From Image or PDFs to Text

The first step is to get your material into a raw text form. If your starting point is a PDF that has no ability to select the text in it (that is, it has not yet been OCRed) then the workflow will be:

  1. Install Tesseract. If you don’t already have homebrew installed then install it. Then run: brew install tesseract from the terminal.
  2. If you have a PDF in Preview and export the file to a multi-page TIFF document. If you have a collection of images you can leave them as their respective image format. Note, for higher OCR accuracy, it is very important to pre-process the images of the input file. That can result in far fewer OCR errors when you have a higher contrast, lower noise images. You can do this with image magick, or other image processing software, or even preview, but needs to be done before running tesseract. This would require a tutorial of its own.
  3. Run tesseract on the document to OCR it. tesseract file-name.tiff file-name.txt This will produce a text file which contains the text, though likely with some proportion of errors.
  4. If you have multiple documents, then repeat for each of them
  5. If you are working with a single text or number of texts, you can then directly proceed to cleaning up of the PDF using regular expressions in a regex equipped text editor such as Atom. Alternatively you can follow the steps below to process them in R.

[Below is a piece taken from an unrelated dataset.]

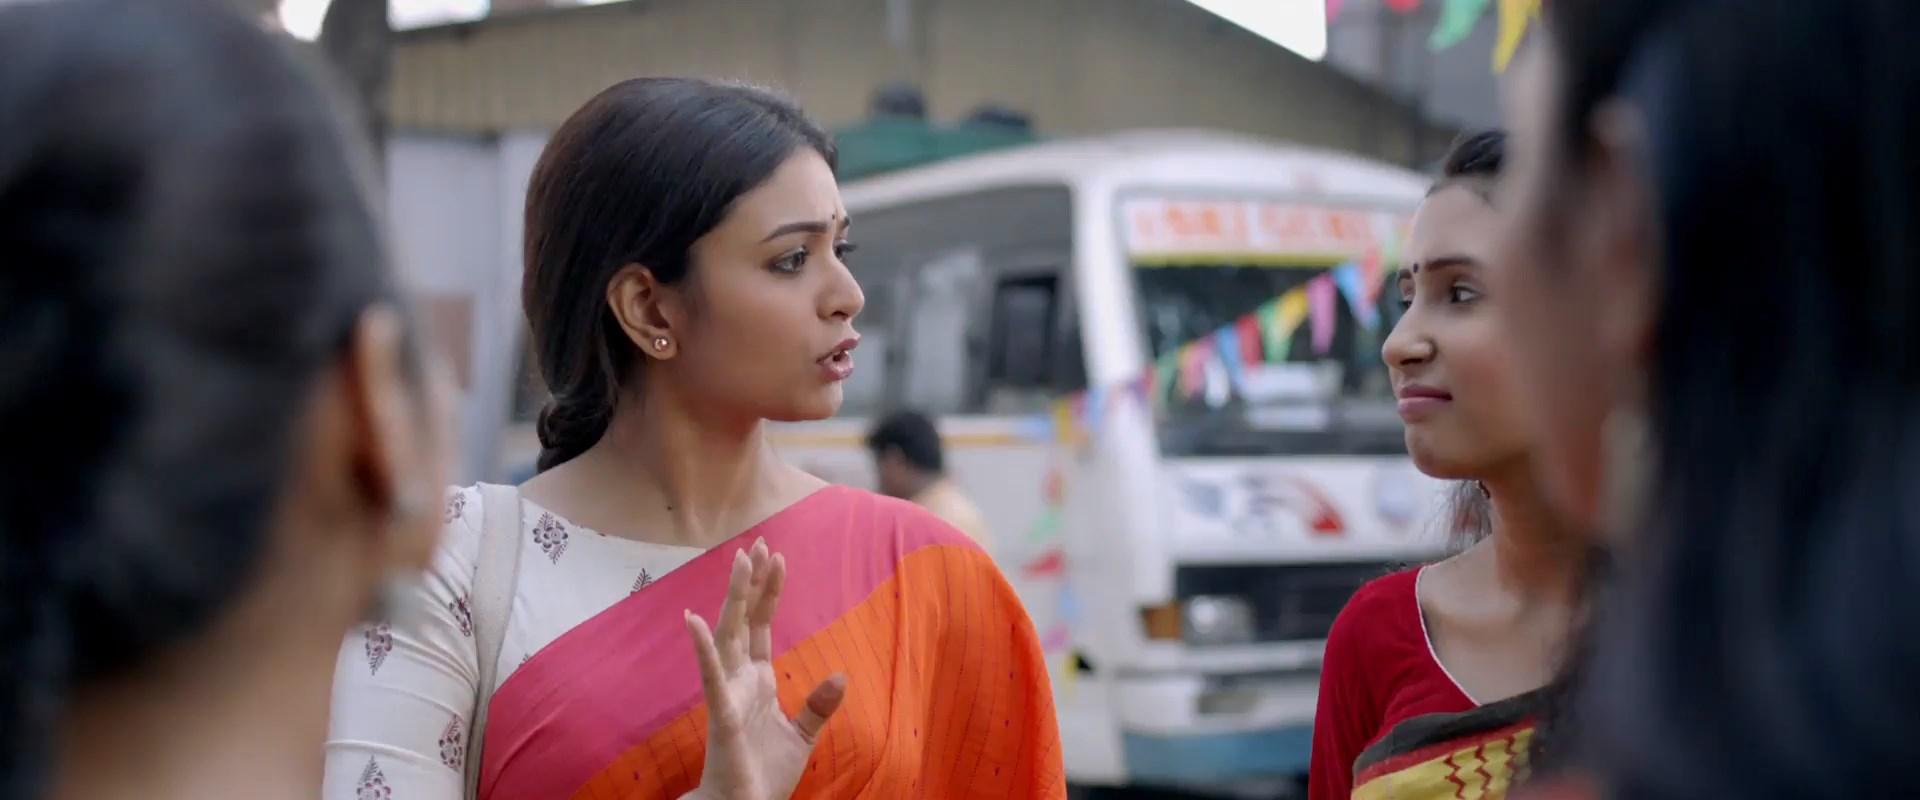 Brahma Janen Gopon Kommoti 2021 Bengali 1080p HDRip 1.8GB.mkv snapshot 00.04.39.019
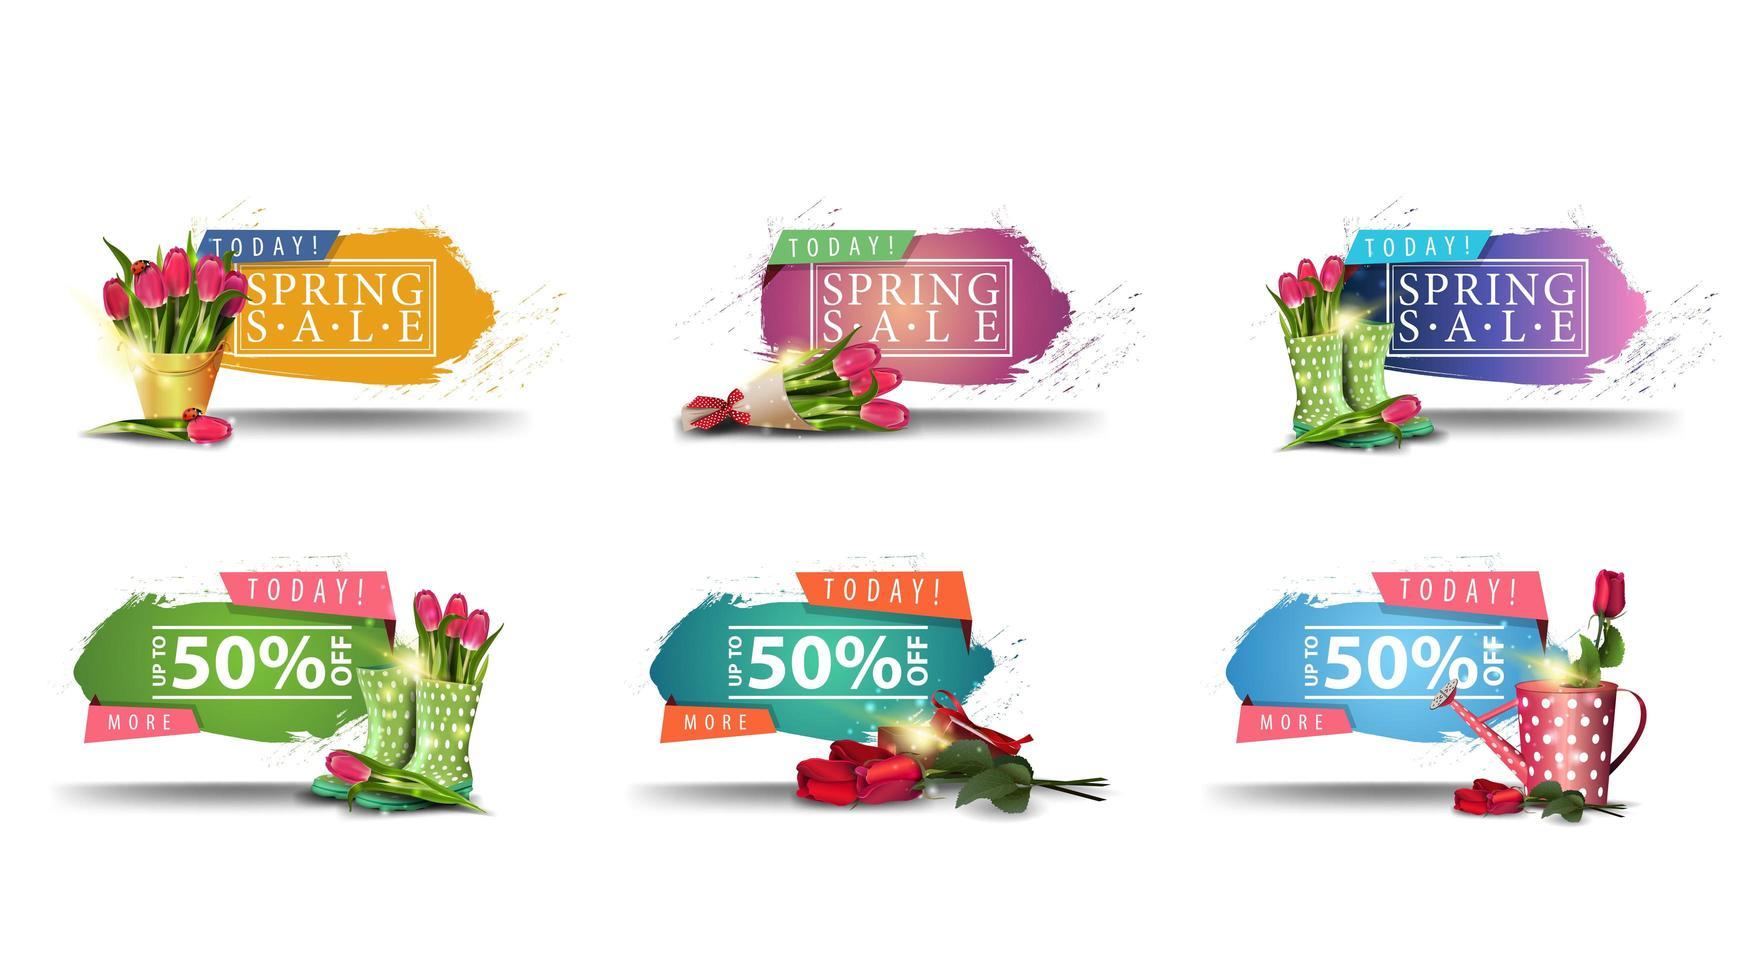 banners de venda primavera com bordas irregulares e flores vetor

If you have already have a PDF with text in it that is selectable, you may either simply select all the text, copy and paste it into an empty text file in, for example, Atom. Or, you may use this alternative:

  1. Install pdftotext. If you don’t already have homebrew installed then install it. Then run: brew cask install pdftotext from the terminal.
  2. In the terminal, navigate to the folder that contains only a collection of PDFs with OCRed text in it. To navigate around directories in the terminal you use the cd command. To go “up” a directory you enter cd .. and to find out what directory you are currently in you can enter pwd. To see what is in the current directory you enter ls and to ender a directory in the current directory you can enter cd name-of-directory or the full path of the directory location in your file hierarchy cd /home/user/path/to/directory
  3. Once you are in the correct folder, you can convert a single pdf to text by simply entering: pdftotext name-of-file.pdf or, if you have a large collection of files you can enter for file in *.pdf; do pdftotext "$file" "$file.txt"; done which will convert every PDF in the current directory into text.

From Text to R

In this example, we’ll work with some volumes (for this example code I’ll just work with #15 and #16) of Gandhi’s complete works.

First we’ll rename the files do that they refer only to the volume number. This will use the rename command, which if you don’t have it installed, can be installed with homebrew using brew install rename.

rename 's/.*(\d\d).txt/$1.txt/' *

Each volume varies in size from just over 600KB to 1.3MB in size.

NOTE: If you run the below code yourself, I suggest working first with just one or two volumes, then when you are happy with the results overall, then run it for all the volumes, which is much more time consuming. In my test of the below, it took 30 minutes to run this script with 15 volumes.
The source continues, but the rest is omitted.